Mid & SmallCap Investing: Challenges, Alpha Potential & Winning Strategies

PMS Bazaar recently organized a webinar titled “Mid & SmallCap Investing: Challenges, Alpha Potential & Winning Strategies,” which featured Mr. Sameer Narayan, Head – Alternate Investment Equity, Aditya Birla Capital.

19 Apr 2025
Mid & SmallCap Investing: Challenges, Alpha Potential & Winning Strategies

This blog covers the important points shared in this insightful webinar.

The webinar blog covers insights from Mr. Narayan, which included expert insights on mid and small-cap investing. It explored challenges like identifying multibaggers, managing risks, understanding churn, and liquidity. It also covered growth versus value investing, realistic CAGR expectations, portfolio strategies, and high P/E stock analysis—highlighting the disciplined approach needed for long-term success in this volatile segment.
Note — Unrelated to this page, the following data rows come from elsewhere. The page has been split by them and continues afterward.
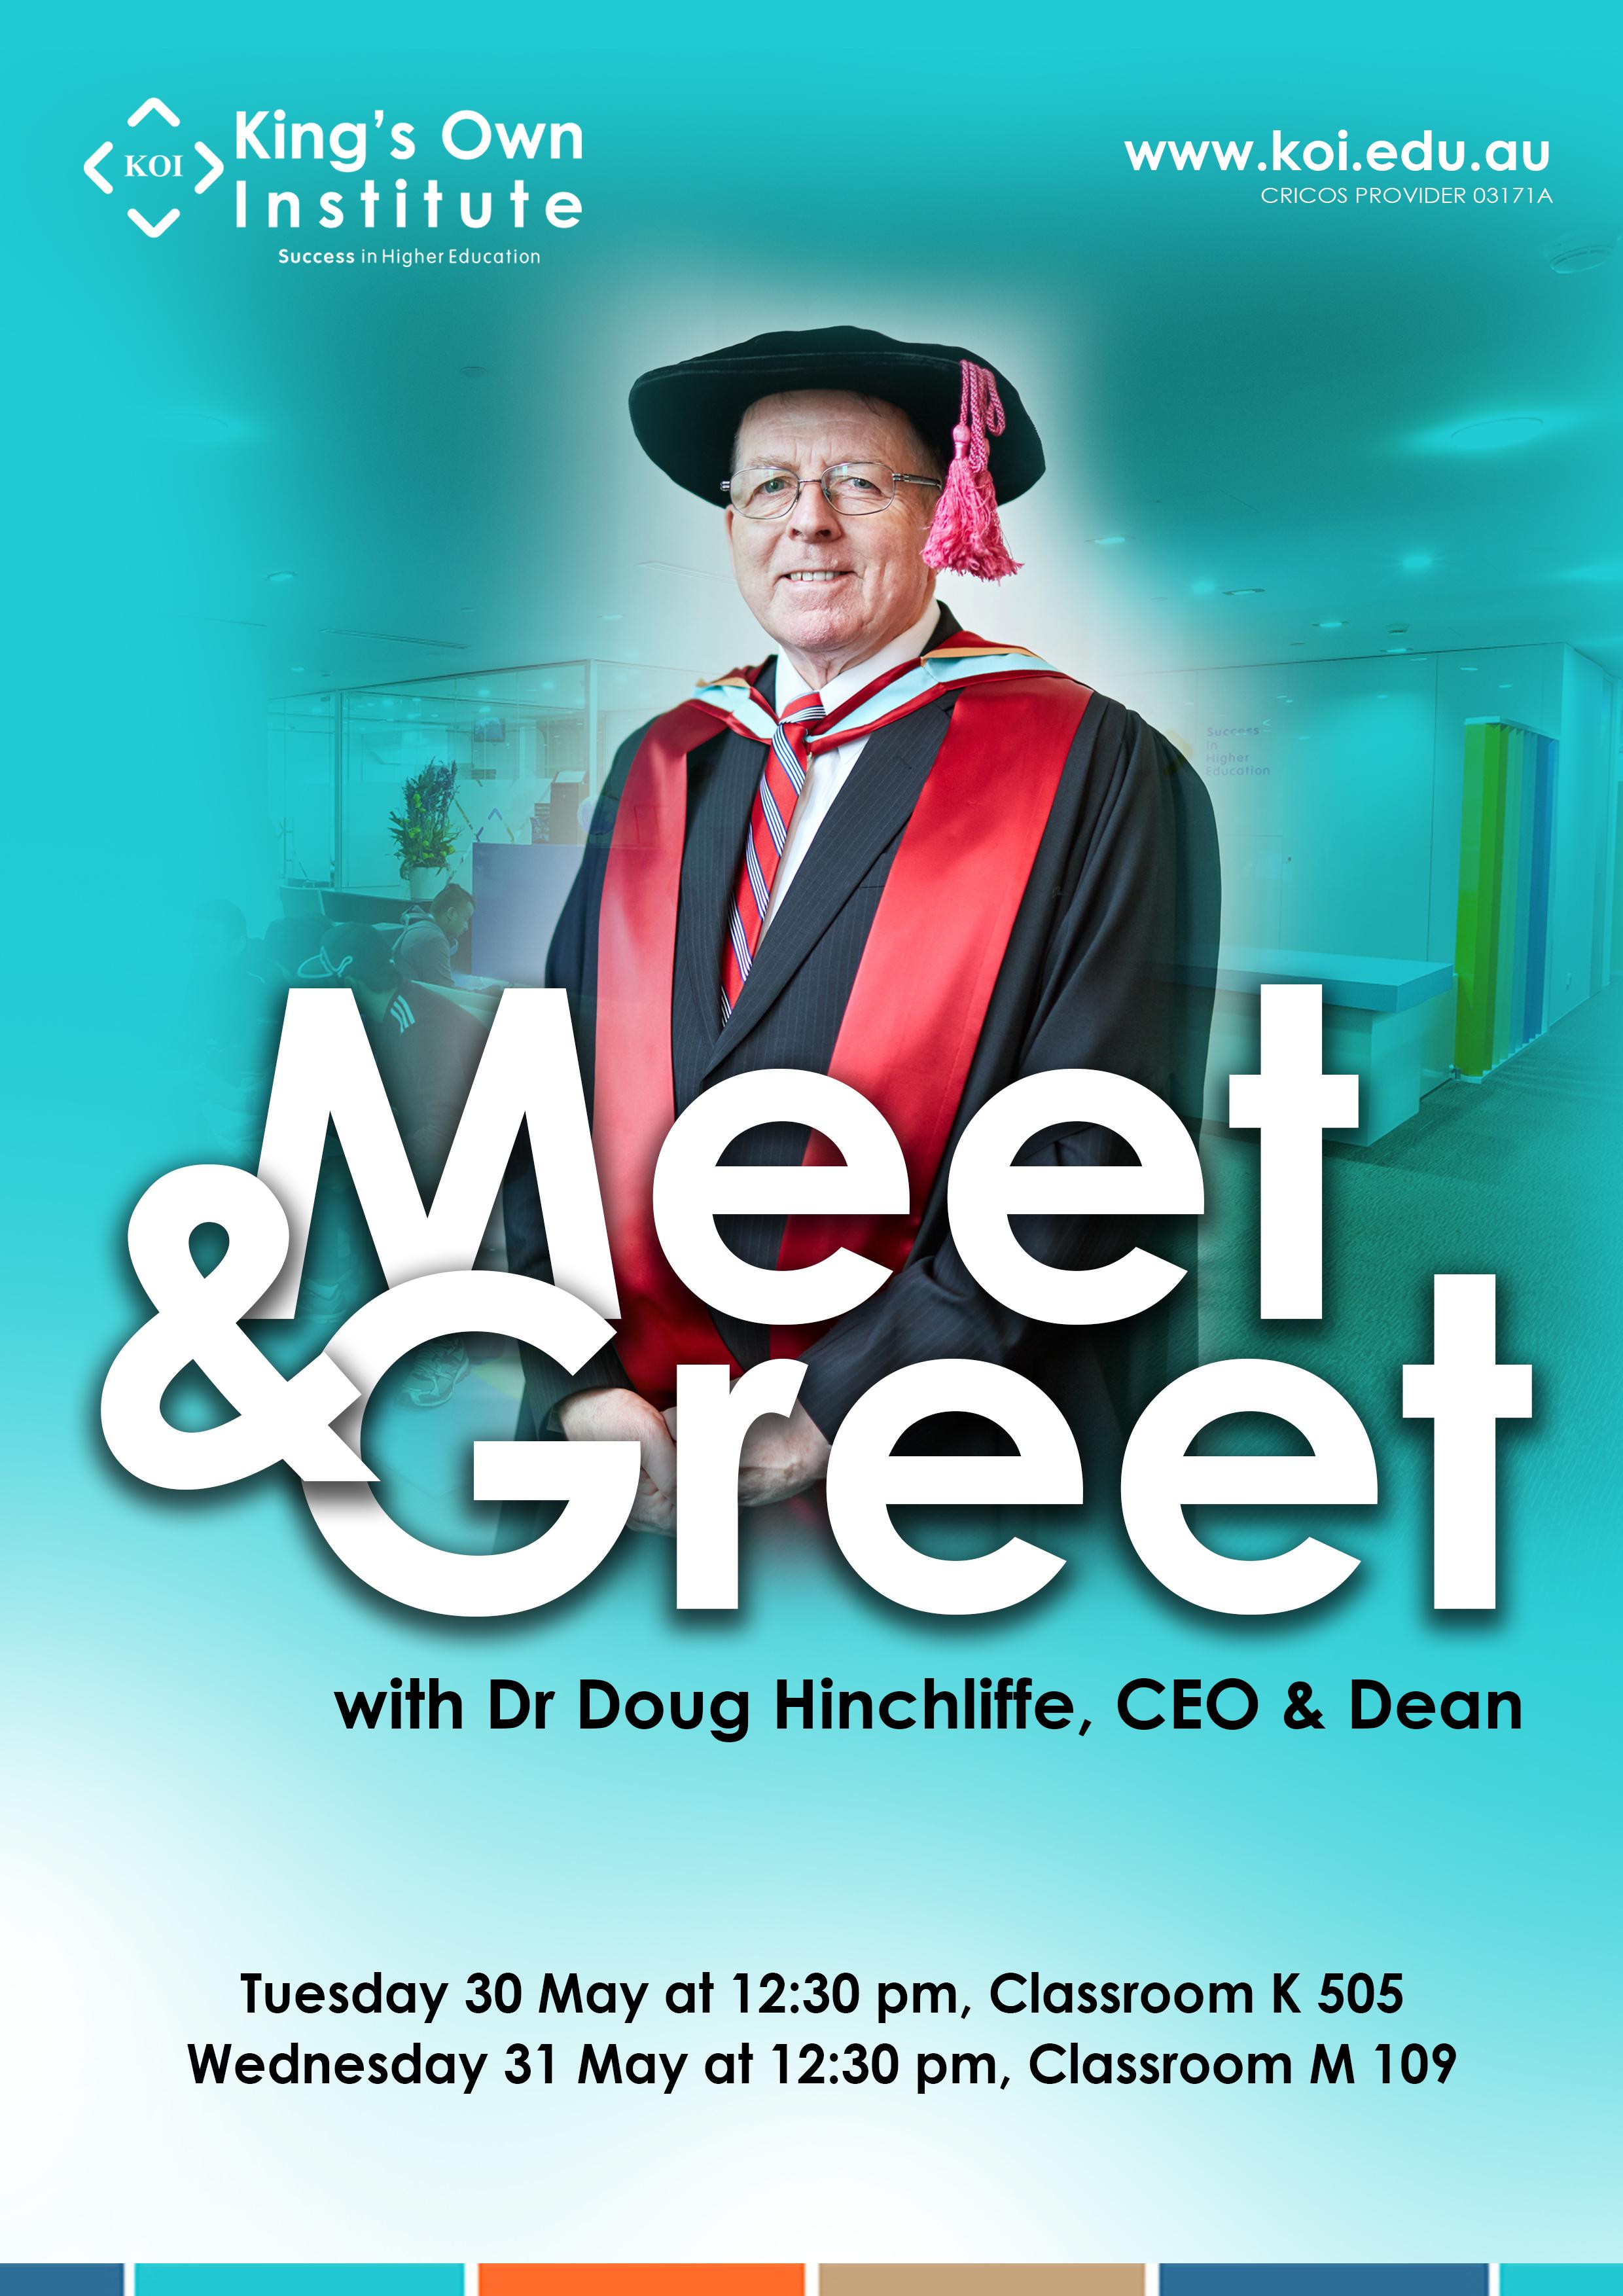 Koi Meet And Greet With Dr Doug Hinchliffe Ceo Dean
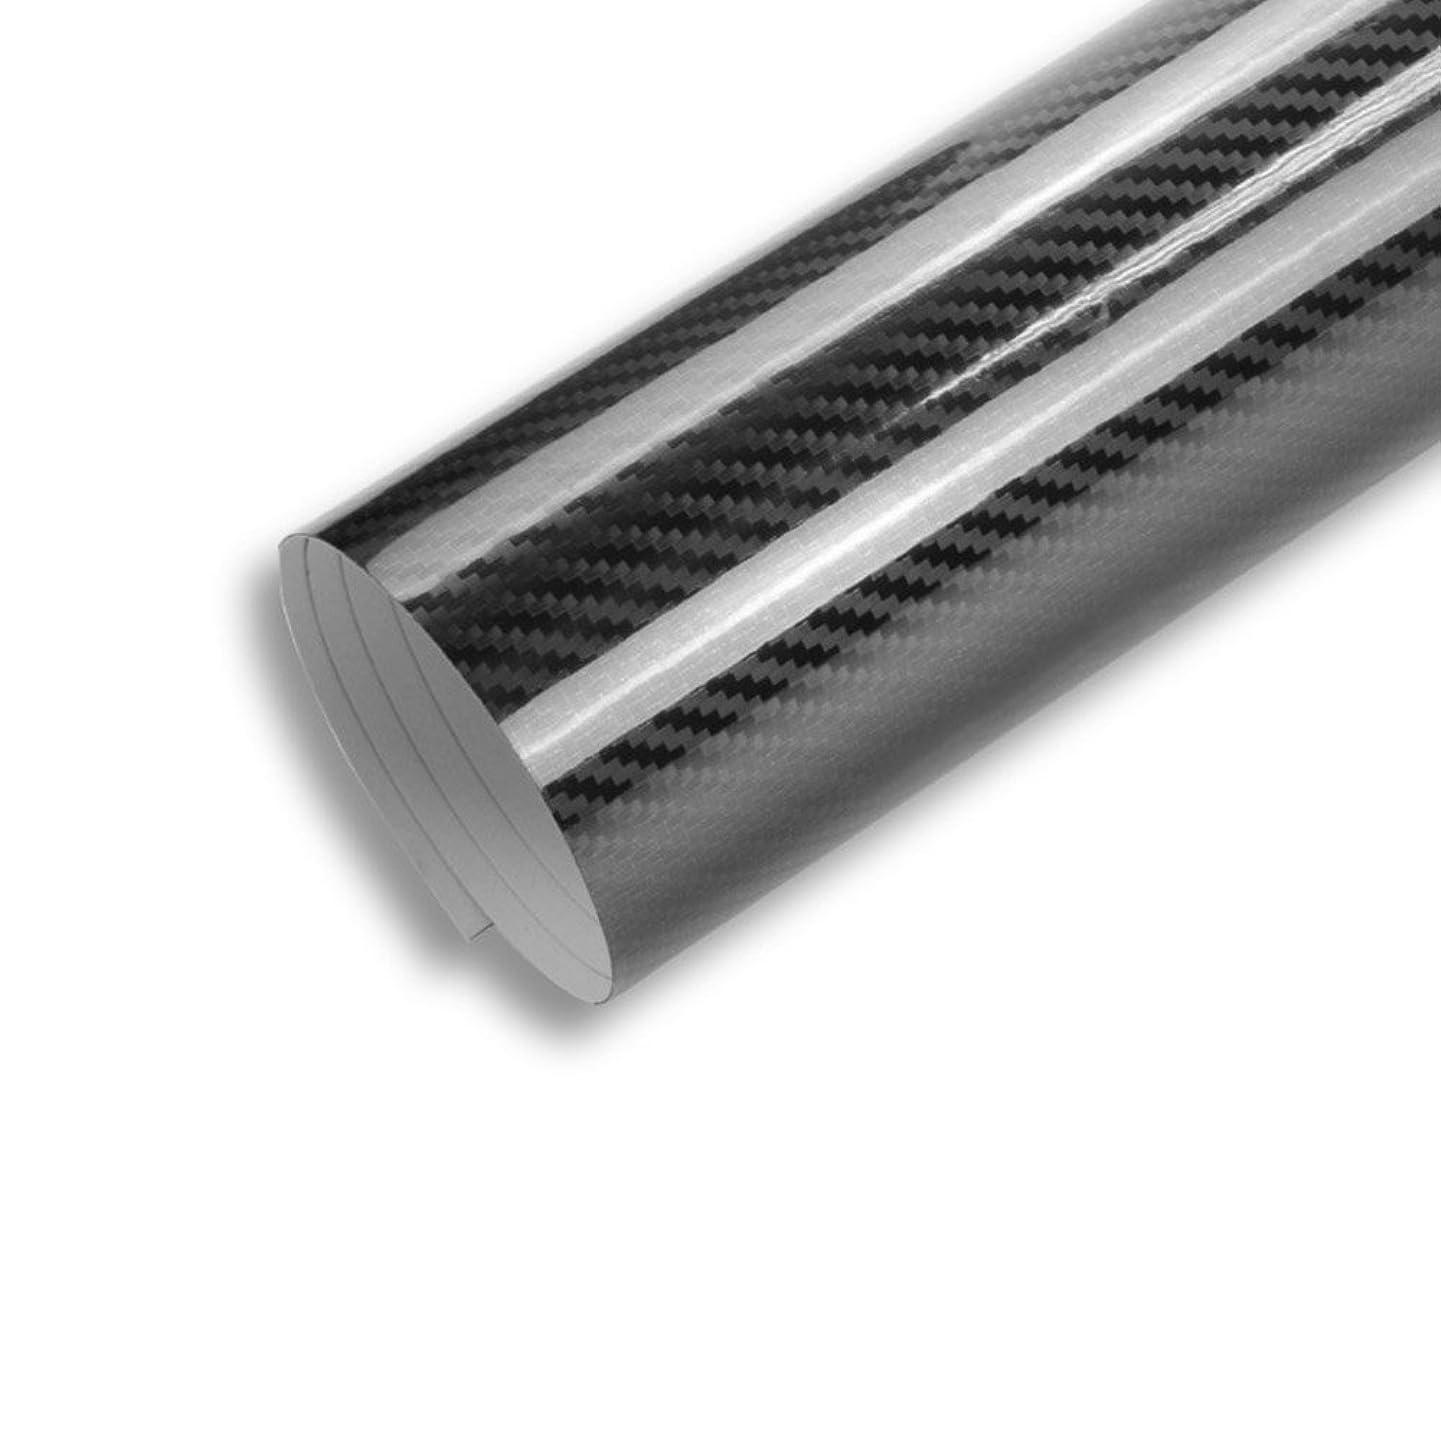 TECKWRAP 1ft x 5ft 5D High Gloss Black Carbon Fiber Vinyl Bubble Free Air Release Car Wrap Film Automotive DIY Decals u105336829060119
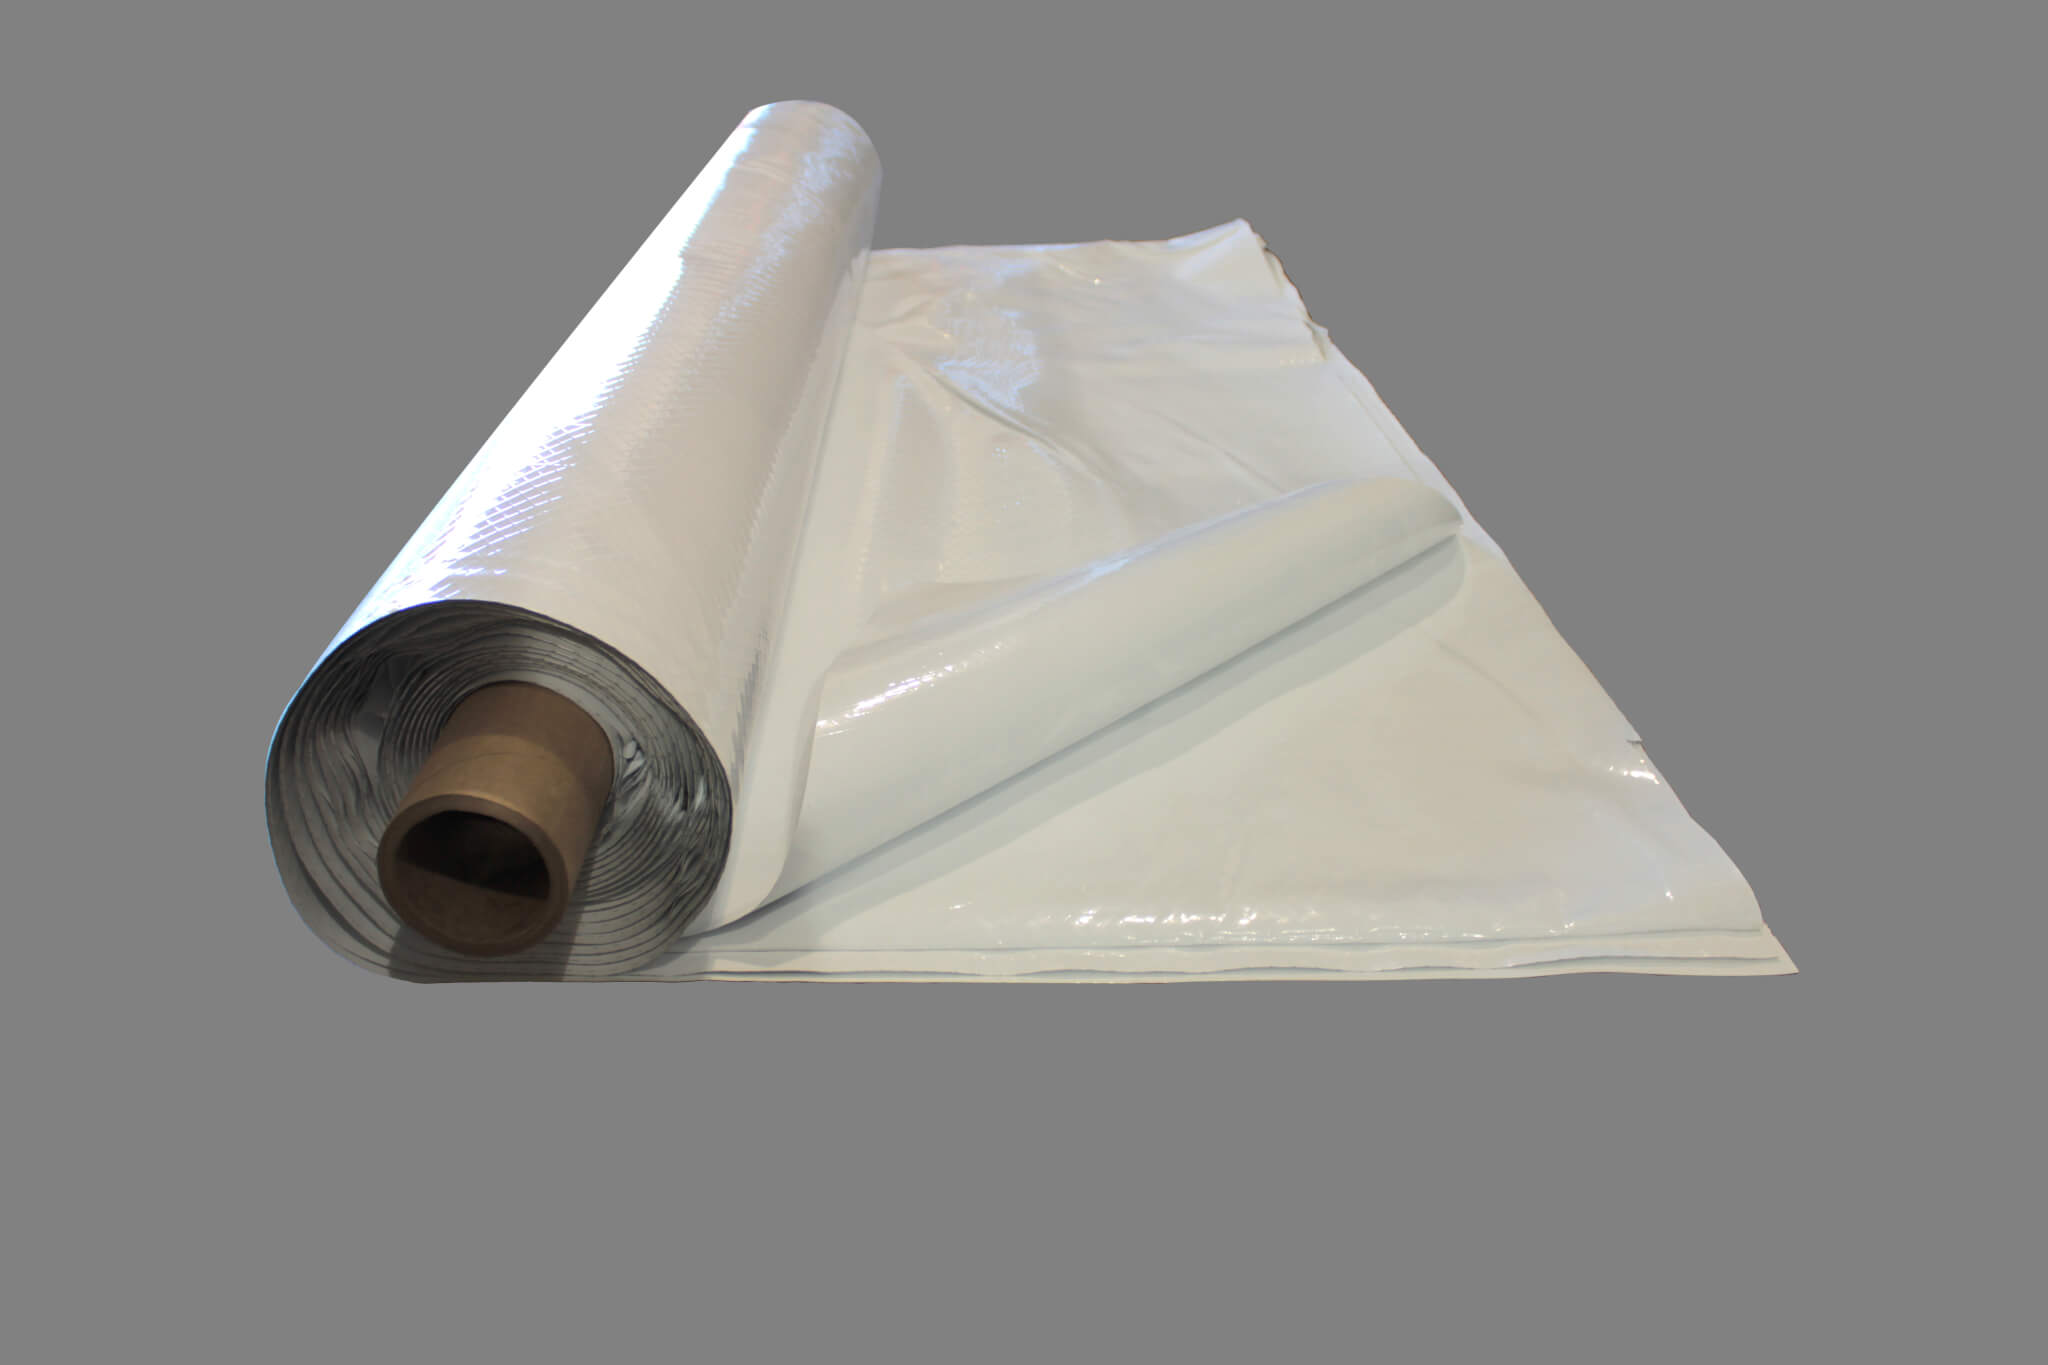 50 X Plastic Sheeting 100

Key aspects covered in this webinar blog are

  • The reality of multibagger potential
  • Growth versus value in mid and small caps
  • Managing risk in smaller companies
  • The role of liquidity in returns
  • Understanding churn rate
  • Future growth expectations
  • Drivers of portfolio growth
  • Insights on high P/E companies and peer comparison
  • Concluding remarks and future outlook

Summary: Mr. Sameer Narayan discussed the challenges of mid and small-cap investing, emphasising the rarity of finding multibaggers. He highlighted the need for sustainable growth, strong risk management, and liquidity as key indicators. He cautioned against high churn rates and unrealistic CAGR expectations. Citing historical data, he suggested a realistic CAGR of 12–15%, driven by consistent earnings and scalable businesses. He concluded with optimism about long-term returns, noting their portfolio's strong fundamentals and potential growth opportunities amid current market volatility.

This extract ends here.